The listing below is to be written out word for word, minus its images.

**DATA BELOW**.
....

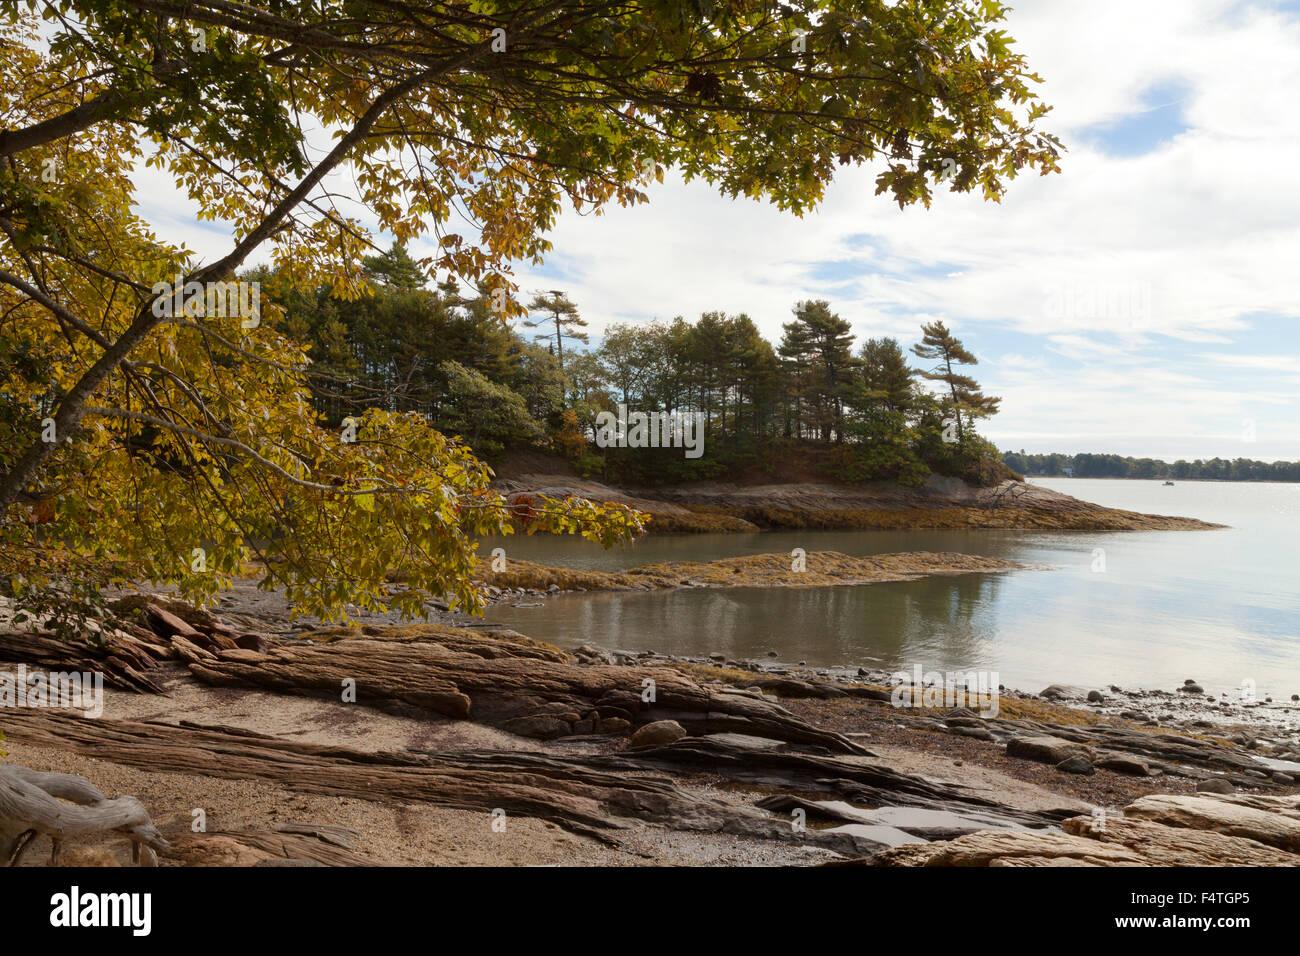 Maine costa al collo Wolfes boschi del Parco Statale di Casco Bay Freeport, Maine, Stati Uniti d'America Immagini Stock
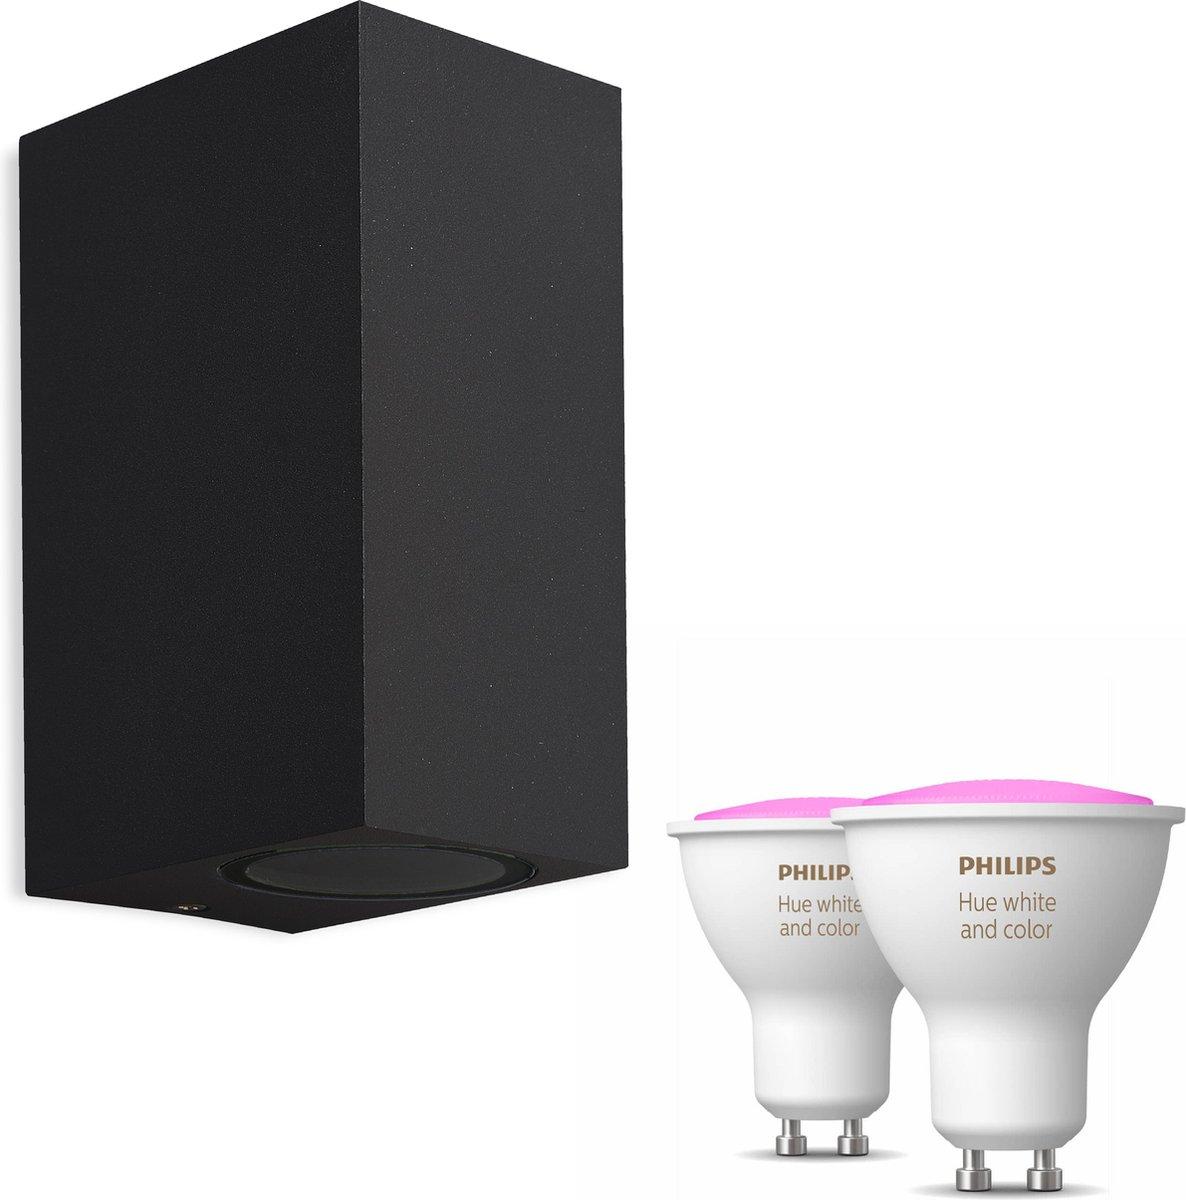 Mantra Kandachu wandlamp rechthoekig - zwart - 2 lichtpunten - Incl. Philips Hue White & Color Ambiance Gu10 (geschikt voor buitengebruik)
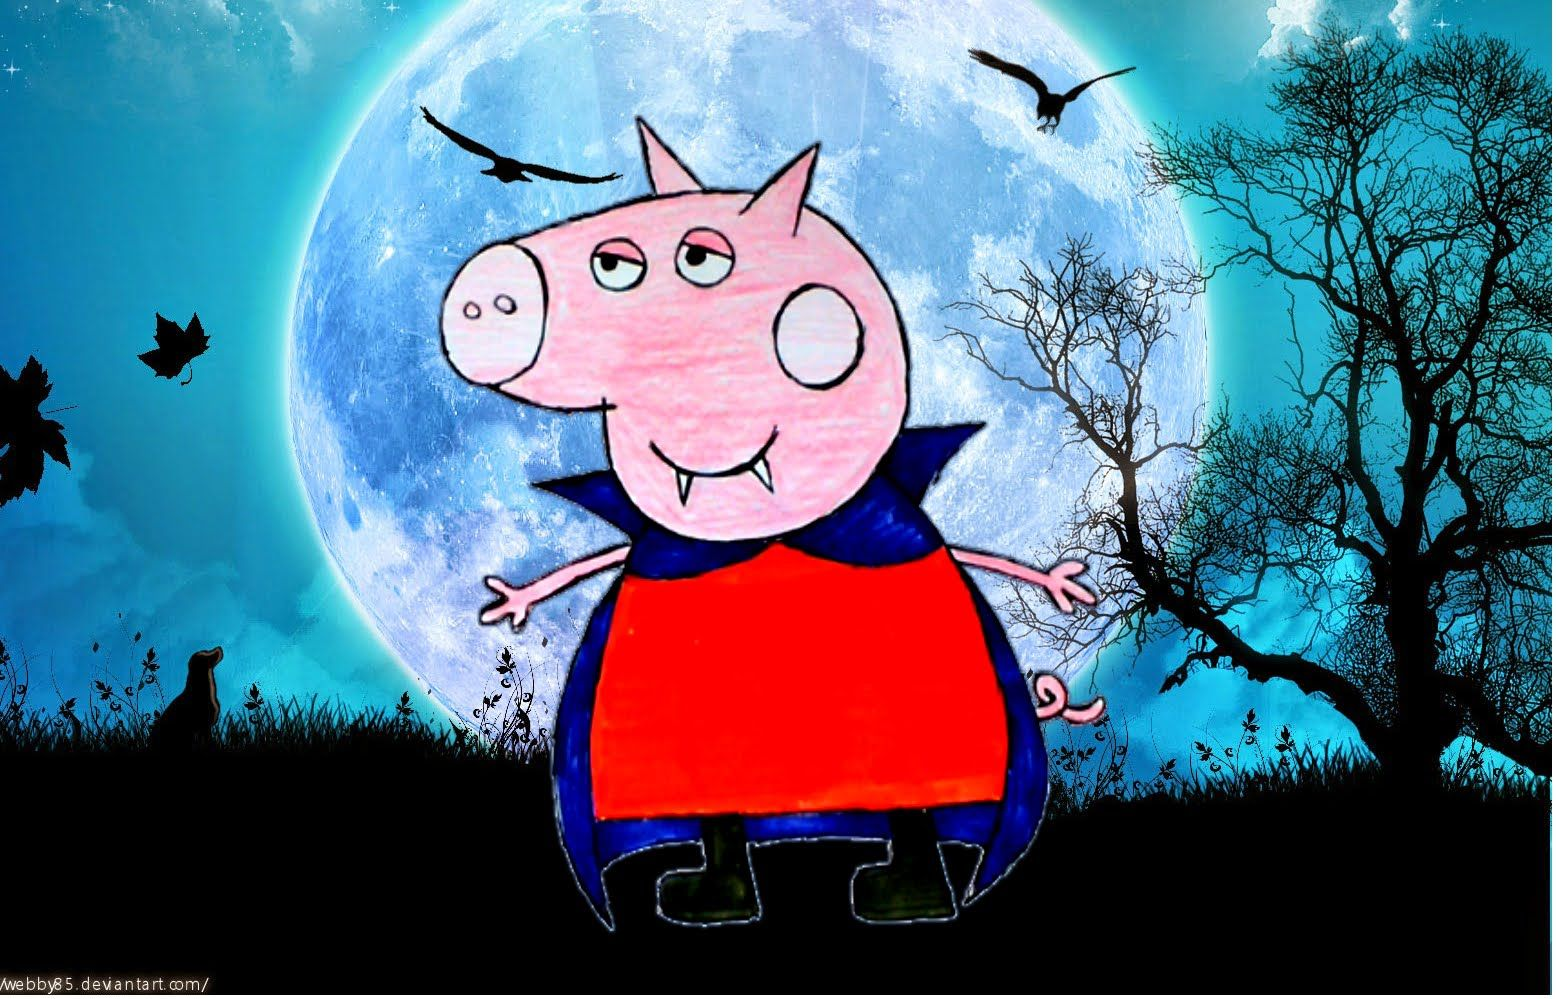 Peppa pig em Português brasil - Varios episodios 112 - Capitulos novo |  Completo Dublado Portugues | Video | Pinterest | Peppa pig em português,  Português ...

....

**EXERCISE RESPONSE**.
 Maine costa al collo Wolfes boschi del Parco Statale di Casco Bay Freeport, Maine, Stati Uniti d'America Immagini Stock
 Mantra Kandachu wandlamp rechthoekig - zwart - 2 lichtpunten - Incl. Philips Hue White & Color Ambiance Gu10 (geschikt voor buitengebruik)
 Peppa pig em Português brasil - Varios episodios 112 - Capitulos novo |  Completo Dublado Portugues | Video | Pinterest | Peppa pig em português,  Português ...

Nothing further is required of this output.